Сразу же после вступительного слова директора на кафедру поднялся сухонький старичок типично профессорского типа из тех времен, когда профессоры походили на ученых, а не на тренеров по боксу.

Откашлялся, вытащил из нагрудного кармана платочек и тщательно протер пенсне, а потом так же неторопливо, словно тянул время, водрузил на переносицу и скучающе оглядел аудиторию.

— Меня зовут Василий Степанович, — проговорил он сухим и, как мне показалось, неприязненным голосом, что и понятно, олухам придется объяснять азы, а в лаборатории его ждет увлекательная работа. — Василий Степанович Собакин. Буду преподавать вам основы магии… Только основы! Потом пойдет специализация.

Я вздохнул, почему-то ждал, что магию преподавать будет эффектная женщина с вот такими, волосы до задницы, на голове шляпа с высоким верхом, а из длинного до пола чёрного платья будет соблазнительно выглядывать в разрез от пояса стройная нога в красной туфле на высоком каблуке.

Увы, женщин-преподавателей в России нет от слова «вообще», суфражистки только начали свою просветительно-разрушительную… или разрушительно-просветительную деятельность?..

И всё-таки я чувствовал себя как на веселом аттракционе. Понятно же, никакой магии нет и быть не может, забавно будет слушать бред, что это такое и как работает.

— Главное, — вещал он скучным голосом, — познакомлю вас только с научным пониманием магии, а также с её разновидностями, а вы точнее разберитесь, в чём собираетесь совершенствоваться…

Я подавил смешок, но не улыбочку. Ага, хорошо завернул оксюморон, «научное понимание магии»!.. ещё хлеще, чем горячий снег, звонкая тишина, мертвые души или живой труп.

Однако по мере того, как преподаватель говорил, улыбка сползла, а брови встали домиком. На полном серьёзе рассказывает не о том, что магия существует, а о её разновидностях: магия огня, воды, ветра, что входят в группу стихийной магии, а ещё о группах с разновидностями магии покруче, типа алхимии, трансмутаций, создания артефактов, магии сложных иллюзий, призывателей…
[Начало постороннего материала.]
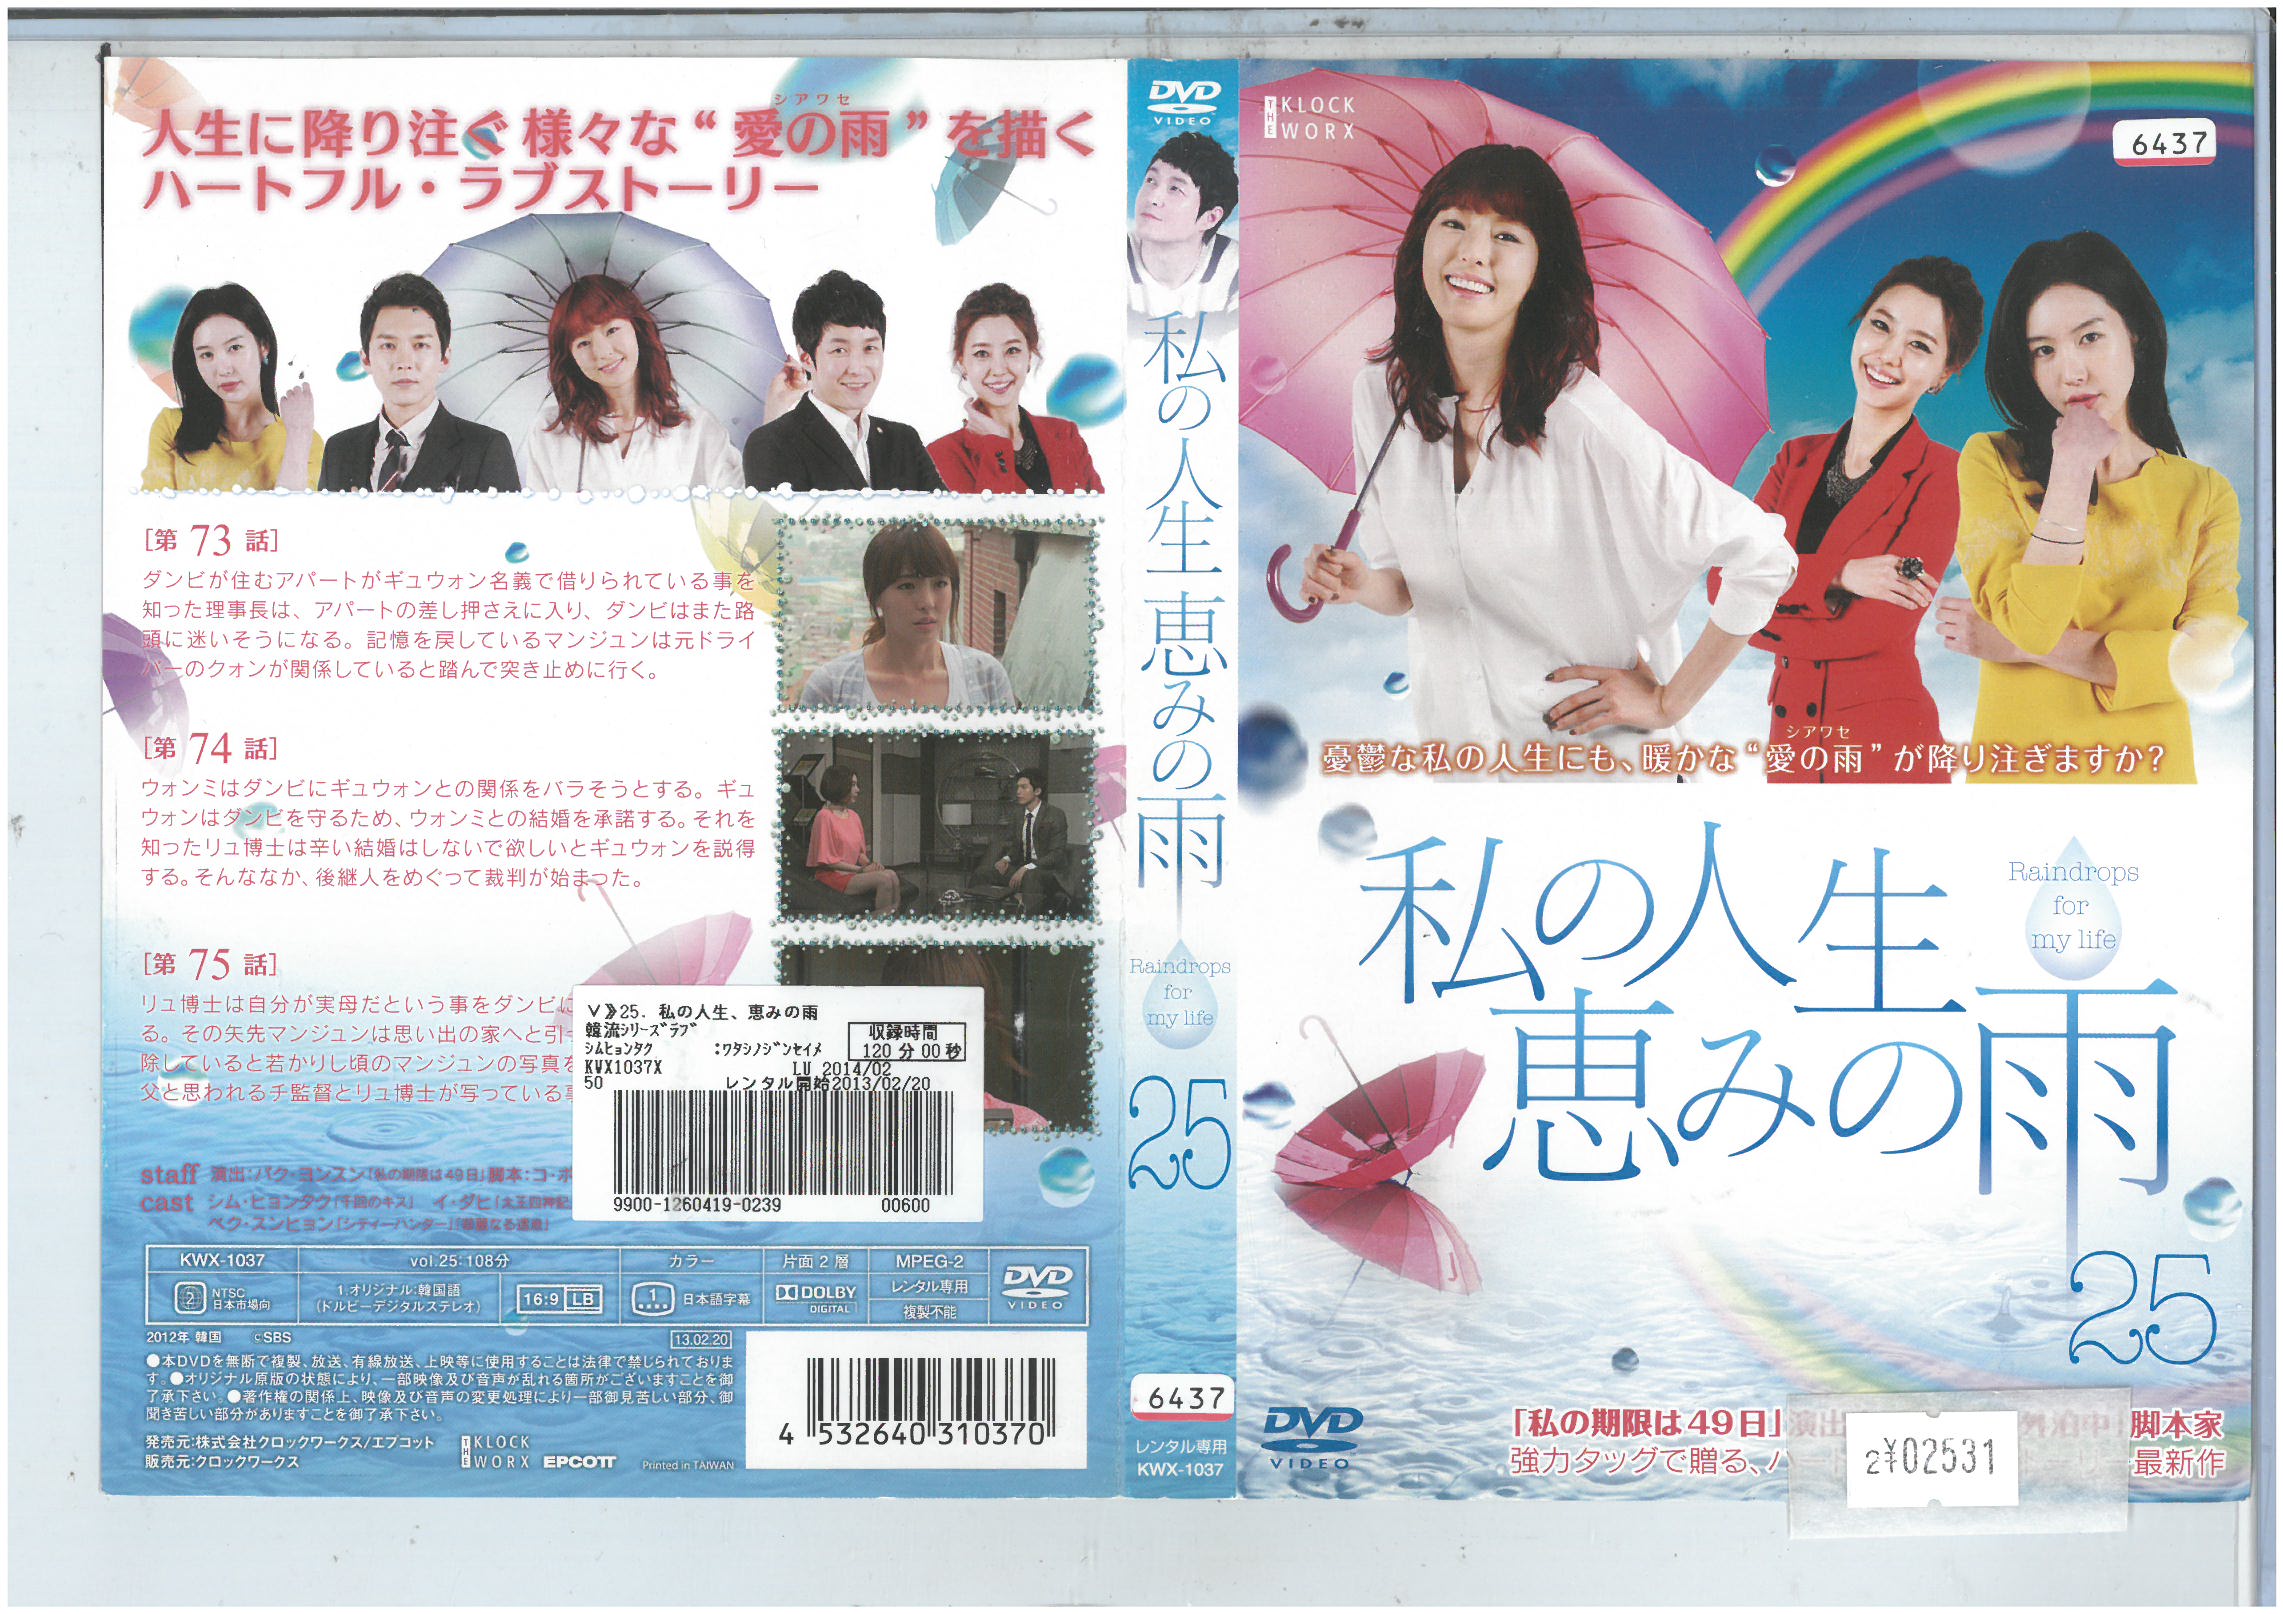 私の人生恵みの雨 vol.25 KWX1037【ケースなし】中古DVD_f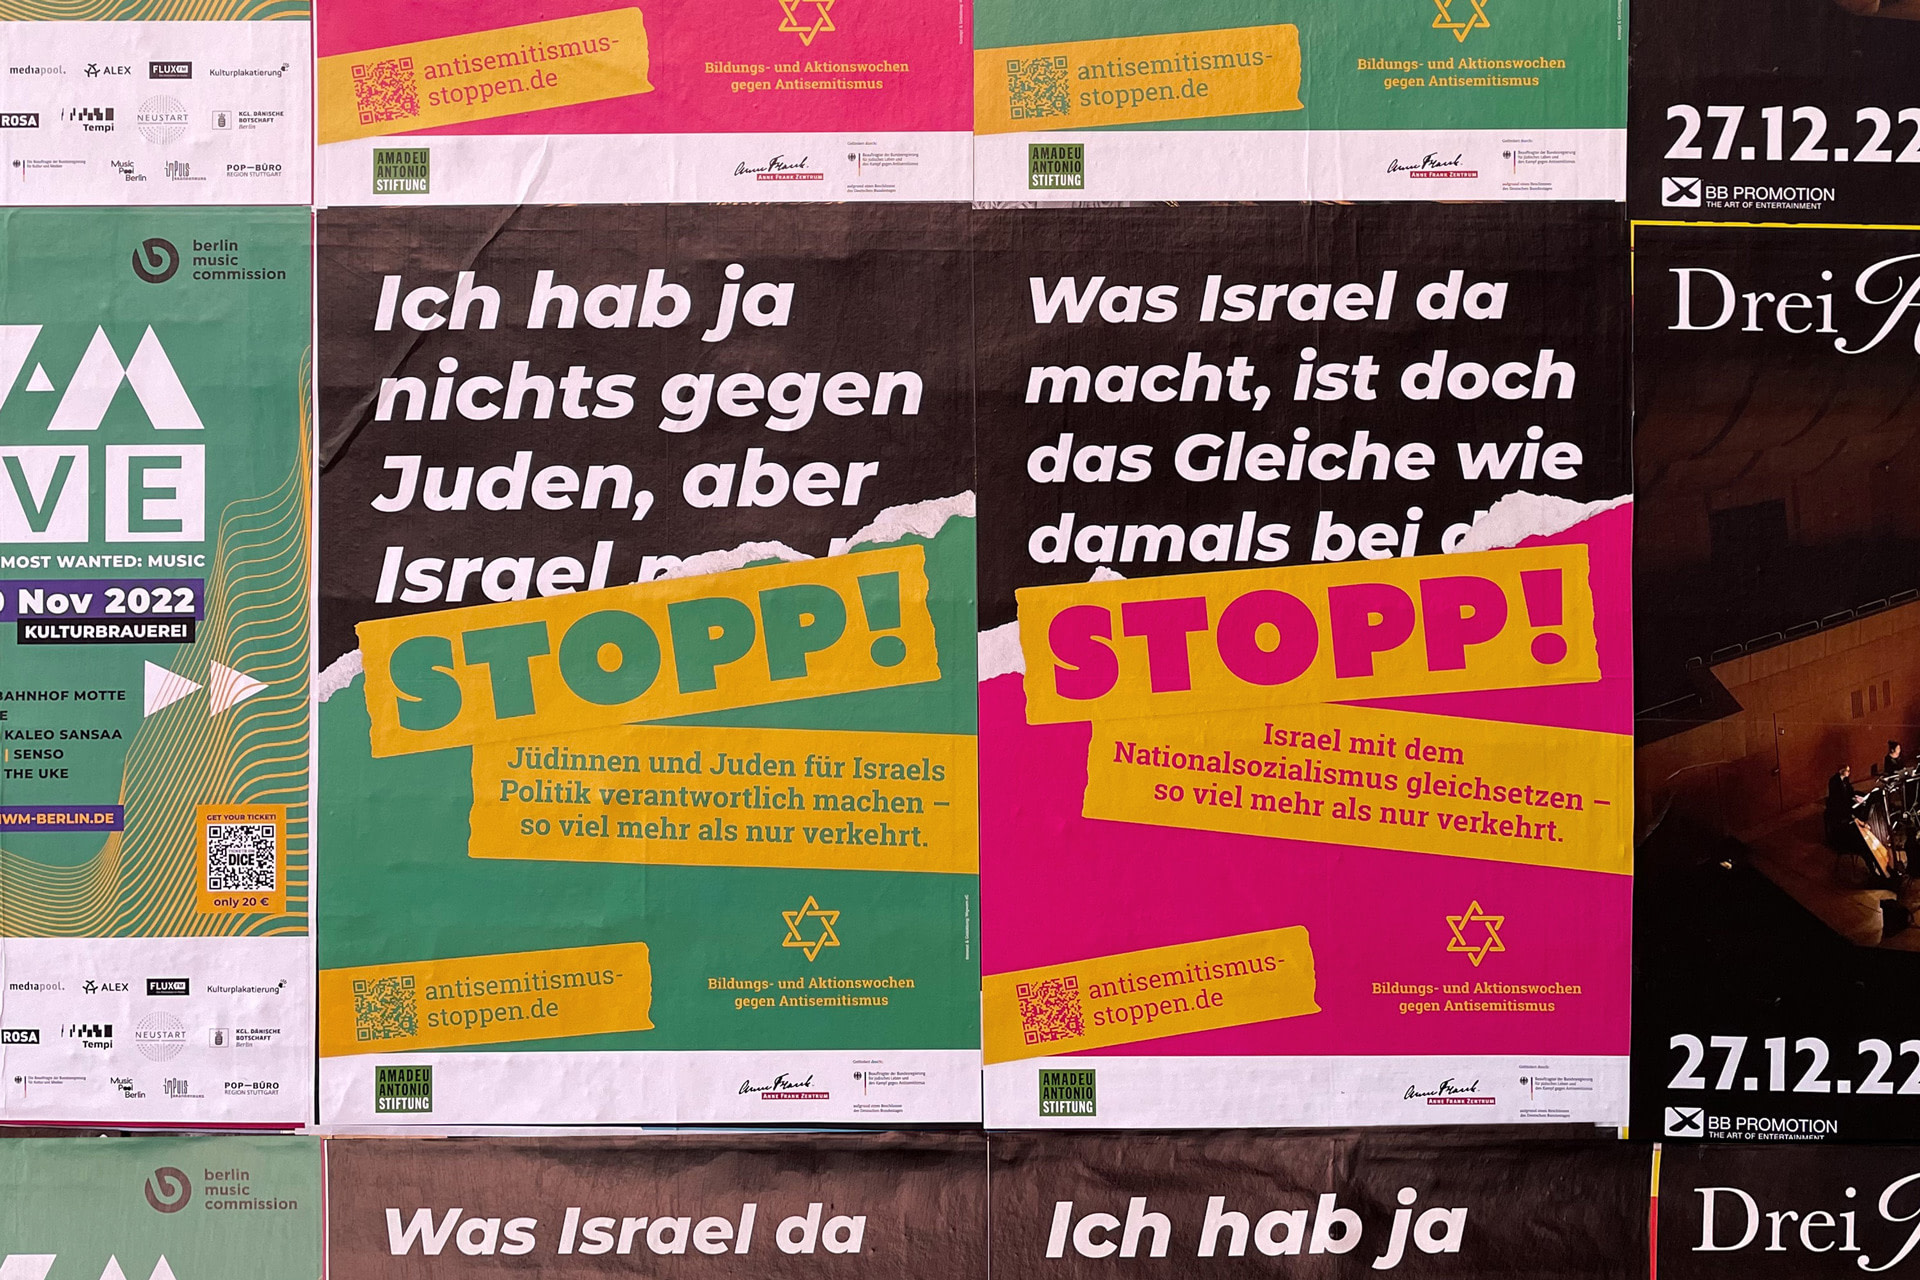 Plakatwand in Berlin, im Fokus sind zwei Plakate der Kampagne für die Aktionswochen gegen Antisemitismus 2022

Я покосился на лица слушателей, кто-то внимает, но большинство скучают, уже знают, проходили, ещё дома родители всё объяснили и даже выяснили, кто к чему склонен, а здесь они только затем, чтобы двигаться вперед и ввысь к вершинам могущества.

Я зябко передернул плечами, вот оно что, Петрович… Существование магии здесь не оспаривается, все уверены, что знают как с нею и что, осталось только научиться пользоваться. Точнее, лучше пользоваться, на начальном уровне уже умеют из сидящих здесь многие.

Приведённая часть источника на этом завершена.